With Brent stuck near the mid‑$60s and OPEC+ easing supply curbs, the world’s largest oil and gas companies are cutting jobs and scaling back investment at a pace reminiscent of the pandemic crash.

The mood across the world’s oil capitals has swung from swagger to self‑preservation. From Houston to The Hague and Paris, executives at the largest oil and gas companies are pushing through layoffs, freezing new hires and tearing up capital plans as crude prices drift lower and supply looks set to exceed demand into next year. After two years of record cash returns, Big Oil is back in austerity mode — and at a clip many insiders say they have not seen since the Covid‑19 slump in 2020.
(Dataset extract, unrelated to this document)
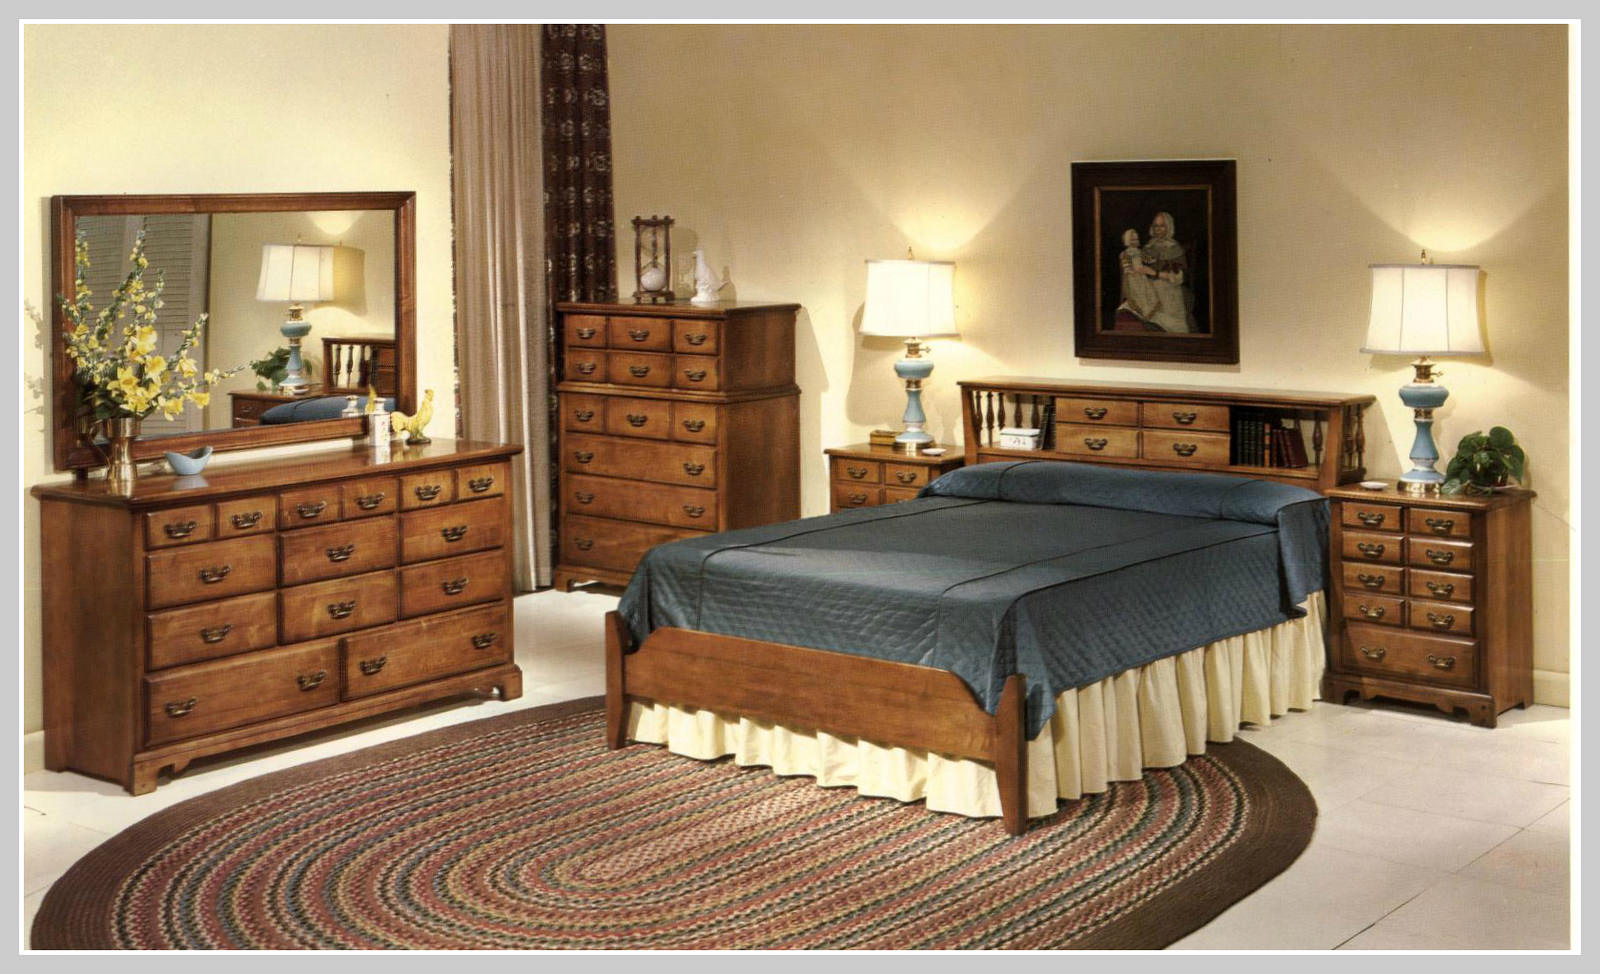 1960s bedroom furniture uk

The trigger is a market that has turned against producers. Brent crude has hovered around $66 a barrel in early September, down roughly 10 percent year to date and well below the levels companies used to green‑light marginal projects. The latest twist came from OPEC+, which this month began unwinding voluntary output cuts with an initial 137,000 barrels‑per‑day increase slated for October — a signal that the alliance is shifting from defending price to fighting for market share. At the same time, the International Energy Agency says supply growth is outpacing demand, with its August report trimming 2025 demand growth to about 680,000 barrels per day and flagging the risk of a larger surplus next year if production continues to rise.
Corporate responses have been swift and severe. ConocoPhillips told staff it will reduce its workforce by 20 to 25 percent — roughly 2,600 to 3,250 people — with U.S. layoffs beginning as early as November, according to filings and an internal video message from Chief Executive Ryan Lance. Chevron, still absorbing a major acquisition and battling overruns at megaprojects, has said it will trim 15 to 20 percent of jobs by the end of 2026 as part of a reorganization to simplify decision‑making. BP, under pressure from activist shareholders to lift returns and clarify its strategy, has already cut more than 5 percent of its workforce as it pursues at least $2 billion in cost savings by 2026.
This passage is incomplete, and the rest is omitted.